Denton trotted down the stairs and opened the door. It was two strides to the gate, which was open; beyond it, Lamb’s Conduit Street was dark. Denton looked to his right; not until he saw one of the whores who gave the street its reputation did he see another human being. She hadn’t seen anybody, she said, worse luck. He strolled back the other way. Somebody coming out of the Lamb had seen a man running up towards Holborn.

‘Damned little loony.’

The sergeant was waiting at the top of the stairs. ‘Left his hat,’ he said. He waved it. ‘Valuable object.’

‘How much did you hear?’

‘A lot, until the dumb-waiter clutch gave way and dropped the dishware on my head. Mad story, I thought.’

‘Mad, yes.’

‘You don’t believe him!’

‘I believe he was really frightened, but I think it’s all inside his own head. And maybe he really did see something as a kid — although it could be the sort of fantasy a certain type might invent to entertain himself.’ He looked at the clock. ‘Men like that pull a lot of details out of the newspapers.’

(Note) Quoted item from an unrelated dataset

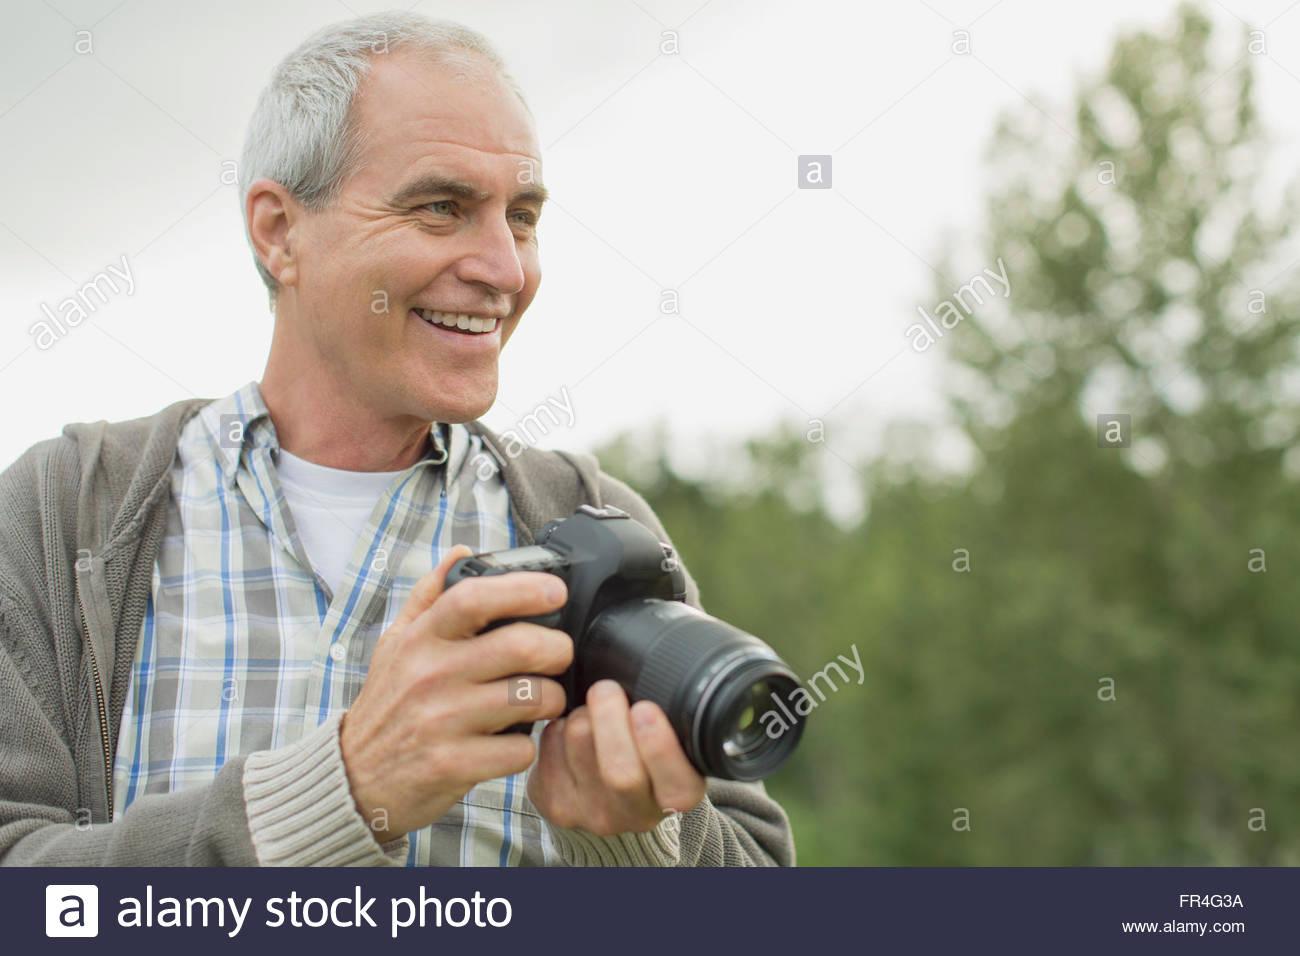 Middle-aged man smiling pendant le tournage avec caméra. Photo Stock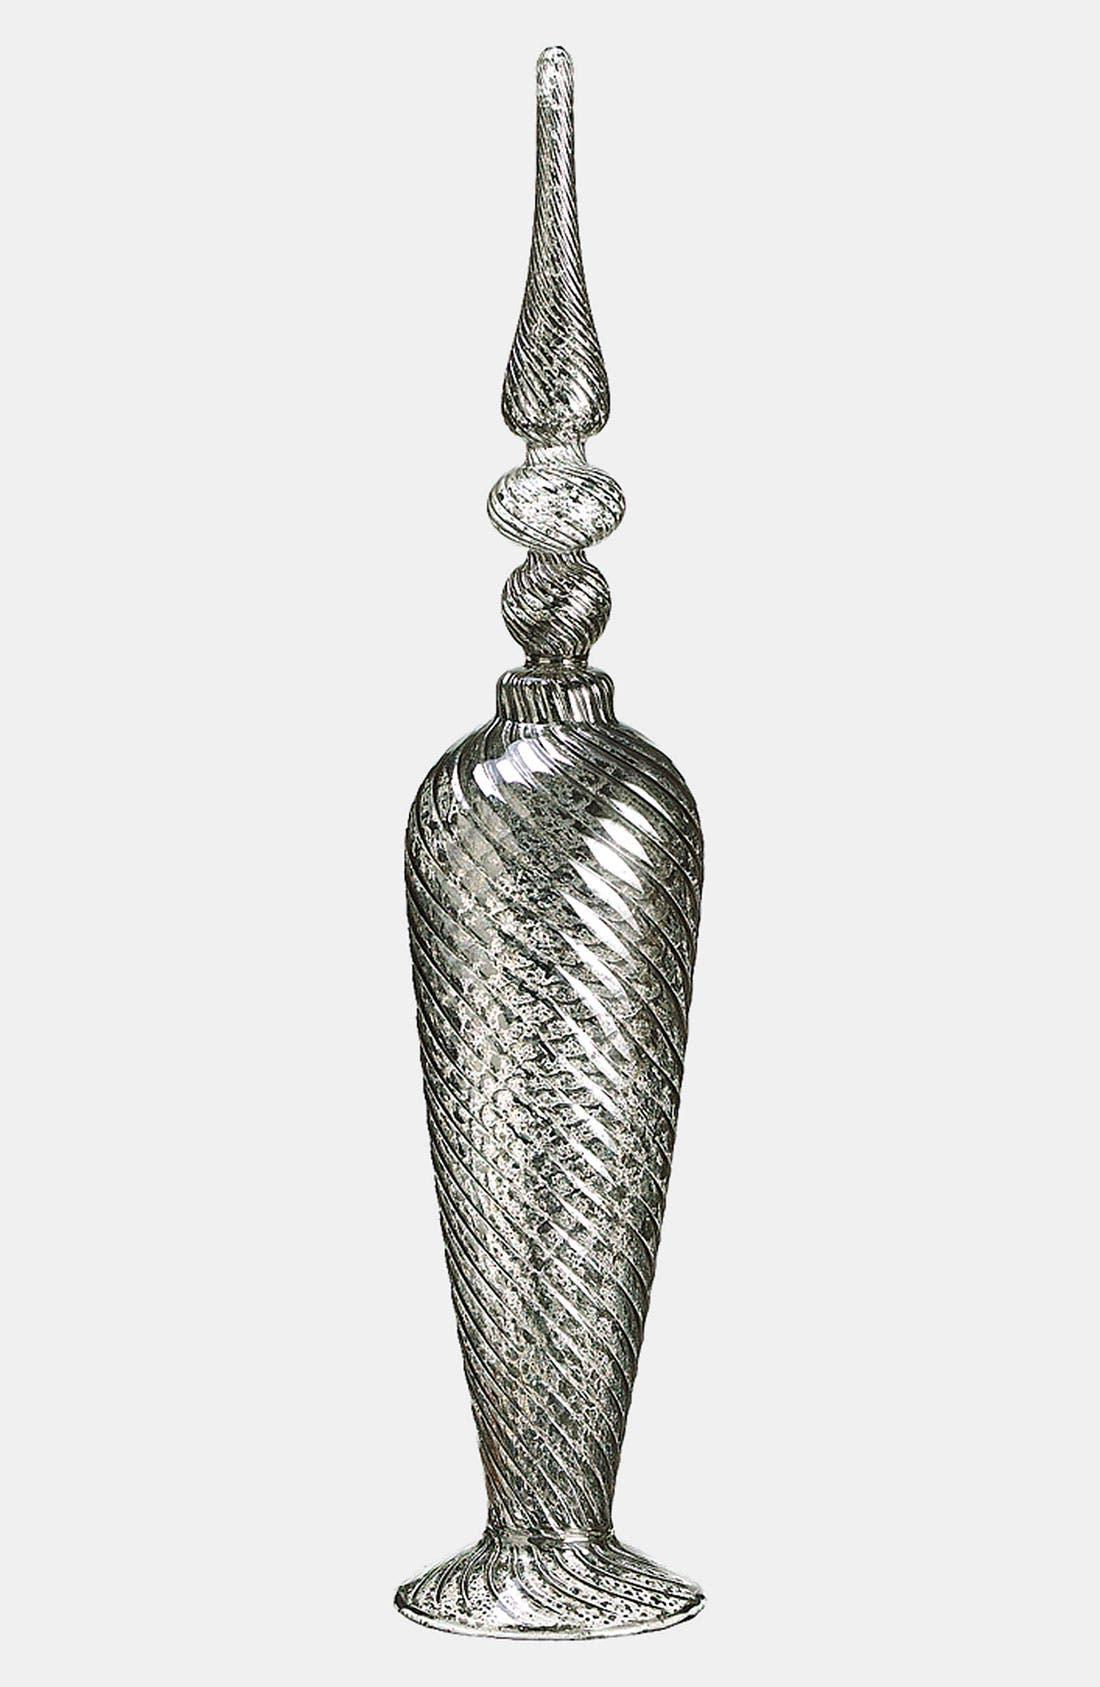 Alternate Image 1 Selected - ALLSTATE Glass Swirl Finial

‘One more crackpot trying to climb on the tired old Ripper’s back.’

‘Why come to me?’

‘To be able to say he’d laid his mad tale on you. Good story with the girls. “How I Met the Sheriff.” You’re going to be late.’

‘Mmmm.’ Denton doubted that Mulcahy told this story to ‘the girls’. Mulcahy, he thought Krafft-Ebing would say, was one of those men who had difficulties with women. Probably impotent. He started towards the stairs at the rear. ‘Still, these cases are interesting.’

‘And you say you don’t like opera!’

‘Well, he didn’t sing.’

As he dressed, he thought about the story, the obvious inventions. The newspaper clippings, for example — Mulcahy hadn’t said anything about getting them translated, but surely he didn’t read German, French and Dutch. And not a word about the uproar that would have followed such a murder as that of — what was her name? — Elinor Grimble. Of Ilkley.

There didn’t seem to be anything that needed to be done about Mr Mulcahy, and as for his tale that the Ripper was back, that was merely stupid. Mulcahy was a sad freak, to be forgotten, at least until he returned for his valuable hat.

Denton went off to Emma Gosden’s. He carried a derringer in his coat pocket out of habit. A certain caution, never lost. The rain had stopped, leaving an occasional misting drizzle that was pleasant to walk through, the streets wet and shining, lamps reflected in long, shivering tracks down puddles.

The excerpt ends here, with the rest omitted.